Neu auf den Bühnen: Premieren der Woche

Zu den interessanten Vorstellungen gehören das Musiktheater "Das wohltemperierte Klavier", das Drama "Sammlung Prinzhorn", die Oper "Alessandro" und die Trashkomödie "Fleisch ist mein Gemüse"
© Bild: 2012 FTD.de/dpa/Bildfunk/Kay Nietfeld
Zu den interessanten Vorstellungen gehören das Musiktheater "Das wohltemperierte Klavier", das Drama "Sammlung Prinzhorn", die Oper "Alessandro" und die Trashkomödie "Fleisch ist mein Gemüse"
Weil Dramaturgen im Moment lieber Romane, anstatt Dramen auf die Bühne heben, bringt die Schaubühne den ungarischen Bestseller "Melancholie des Widerstands" unter dem Titel "Das wohltemperierte Klavier" zur Uraufführung. Der Regisseur verteilte den schwer sprechbaren, weil für Leser bestimmten Text in seiner Not auf mehrere Darsteller. Leider liegt jedoch das Highlight dieses Abends, der Schauspieler Ernst Stötzner, den man gerne länger genösse, vorwiegend im Bett - und schweigt. Weil im Text, dessen Handlung auf der Bühne nicht wirklich nachvollziehbar ist, vom Barockorganisten Andreas Werckmeister die Rede ist, wird Musik von Johann Sebastian Bach gespielt. Die hört sich gut an - aber ein echtes Bühnenereignis wird nicht daraus. Marton überlässt das Ensemble ungeschützt der Anarchie der Produktionskräfte. Und das hyperrealistische Bühnenbild scheint der Adaption eines anderen Romans im angrenzenden Raum - dem "Eugen Onegin" von Alvis Hermanis - nachempfunden zu sein.
Von Thomas Rothschild
Das wohltemperierte Klavier
Ort: Schaubühne Berlin
Regie: David Marton
Darsteller: Ernst Stötzner, Jule Böwe, Bettina Stucky
FTD-Bewertung: 2 von 5 Punkten
Es kracht ohrenbetäubend. Eisenbetten werden umhergeworfen. Dicke und dünne Nackte tanzen und laufen wie verrückt umher. Johann Kresnik ist in seinem Element. In dem spartenübergreifenden Stück wird das Leben des Heidelberger Psychiaters und Kunsthistorikers Hans Prinzhorn erzählt. Der von Andreas Seifert gekonnt gespielte Kunstsammler trifft dabei als Typhuskranker in zehn Fiebertraumepisoden auf seine Eltern, Frauen, Kollegen - und auf die talentiertesten Künstlerpatienten seines Lebens. Prinzhorn hatte zwischen 1919 und 1921 über 5000 künstlerische Arbeiten von Psychiatriepatienten aus ganz Europa gesammelt.
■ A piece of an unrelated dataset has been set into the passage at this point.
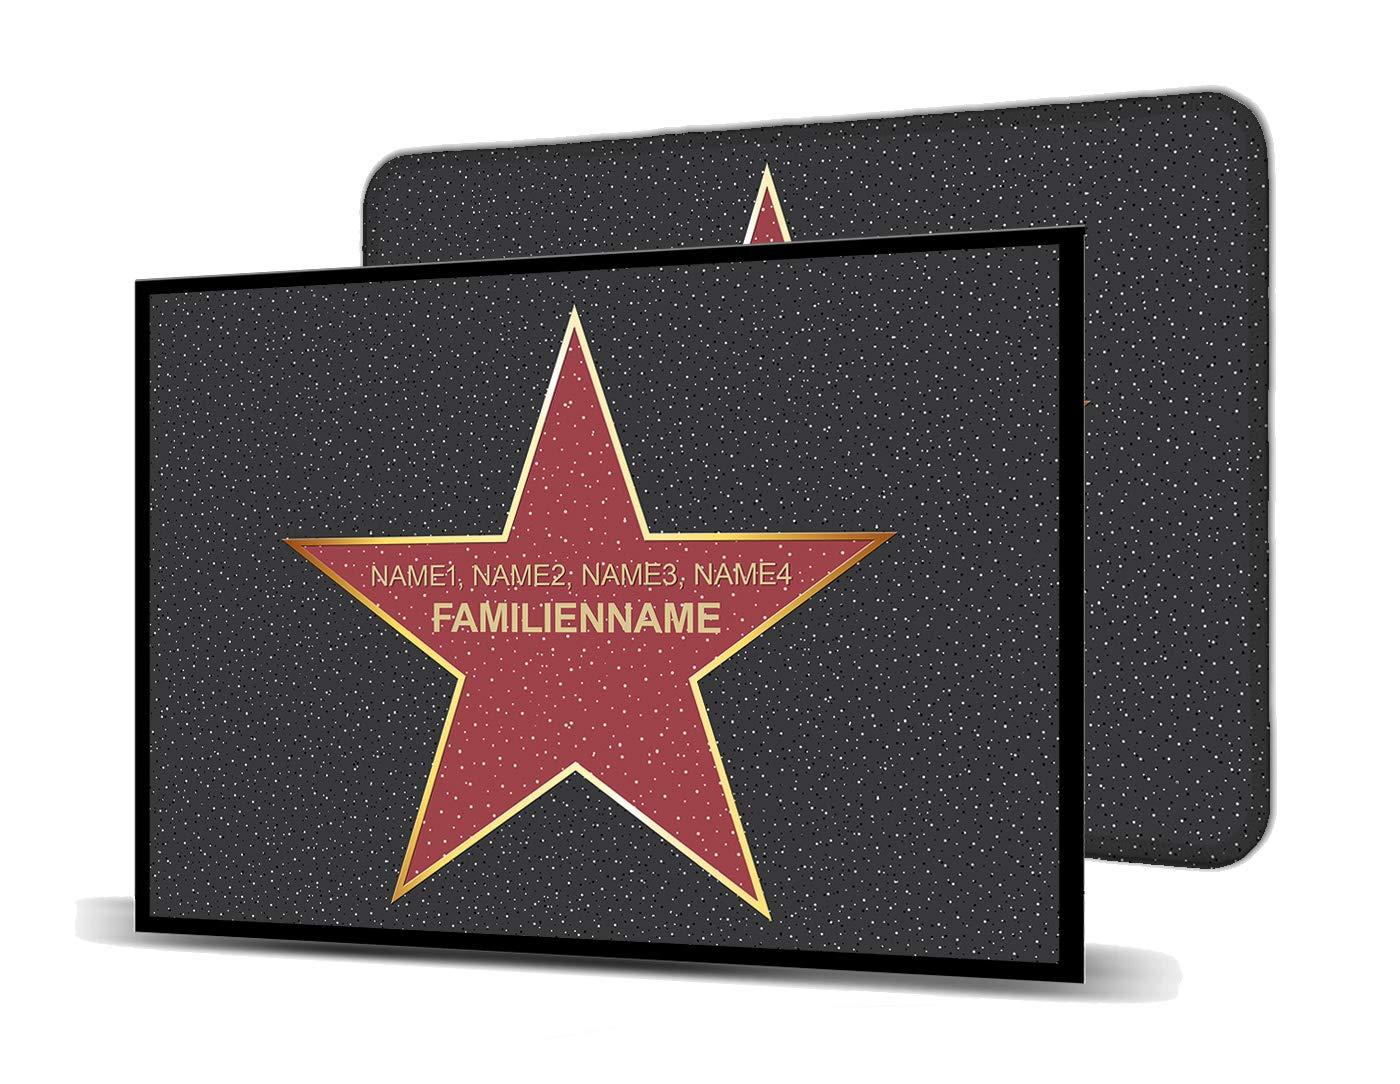 Printalio Wunschtext - Walk of Fame - Schmutzmatte Bodenvorleger Fußmatte Türmatte Abtreter Abstreifer gummierter Rand Rutschfest Waschbar individuell   145 cm x 85 cm

Diese beeinflussten die Kunstszene, wurden aber schon vor seinem Tod 1933 von den Nazis als "entartete Kunst" diffamiert. In das sehenswerte Bühnenbild von Marion Eisele werden immer wieder verschiedene Bilder aus der Sammlung projiziert. Thematisiert werden auch die Verstrickungen deutscher Mediziner in das NS-Regime.
Von Christian Jung, dpa
Sammlung Prinzhorn
Ort: Theater Heidelberg
Regie: Johann Kresnik
Darsteller: Andreas Seifert
FTD-Bewertung: 4 von 5 Punkten
Die Inszenierung beginnt mit einem visuellen Knalleffekt: Während das Orchester die Eroberung der Stadt Sidrach durch Alexander den Großen untermalt, flackern in Schwarz-Weiß altbekannte Kinomonster über eine große Leinwand. Zu sehen sind King Kong, Godzilla, Tarantula und der Drache aus Fritz Langs Klassiker "Die Nibelungen" - Gegner, die eines Helden wie Alexander (bei Händel: Alessandro) würdig sind. Die Premiere zum Auftakt der 35. Händel-Festspiele im Badischen Staatstheater wird mit Ovationen gefeiert: Alexander der Große, auf dem siegreichen Zug nach Indien, ist von seinem Erfolg so besoffen, dass er sich als Gott verehren lässt. In seiner Selbstverliebtheit beginnt er ein erotisches Eroberungsspiel mit gleich zwei Prinzessinnen. Das führt zu allerlei Intrigen und Verwicklungen. Großen Anteil am Erfolg des Abends hatte das festivaleigene Originalklang-Ensemble unter der Leitung des jungen Mainzer Dirigenten Michael Form.
Von Martin Roeber, dpa
Alessandro
Ort: Staatstheater Karslruhe
Regie: Alexander Fahima
Dirigent: Michael Form
FTD-Bewertung: 4 von 5 Punkten
Eine Szene aus der Trashkomödie "Fleisch ist mein Gemüse"   Eine Szene aus der Trashkomödie "Fleisch ist mein Gemüse"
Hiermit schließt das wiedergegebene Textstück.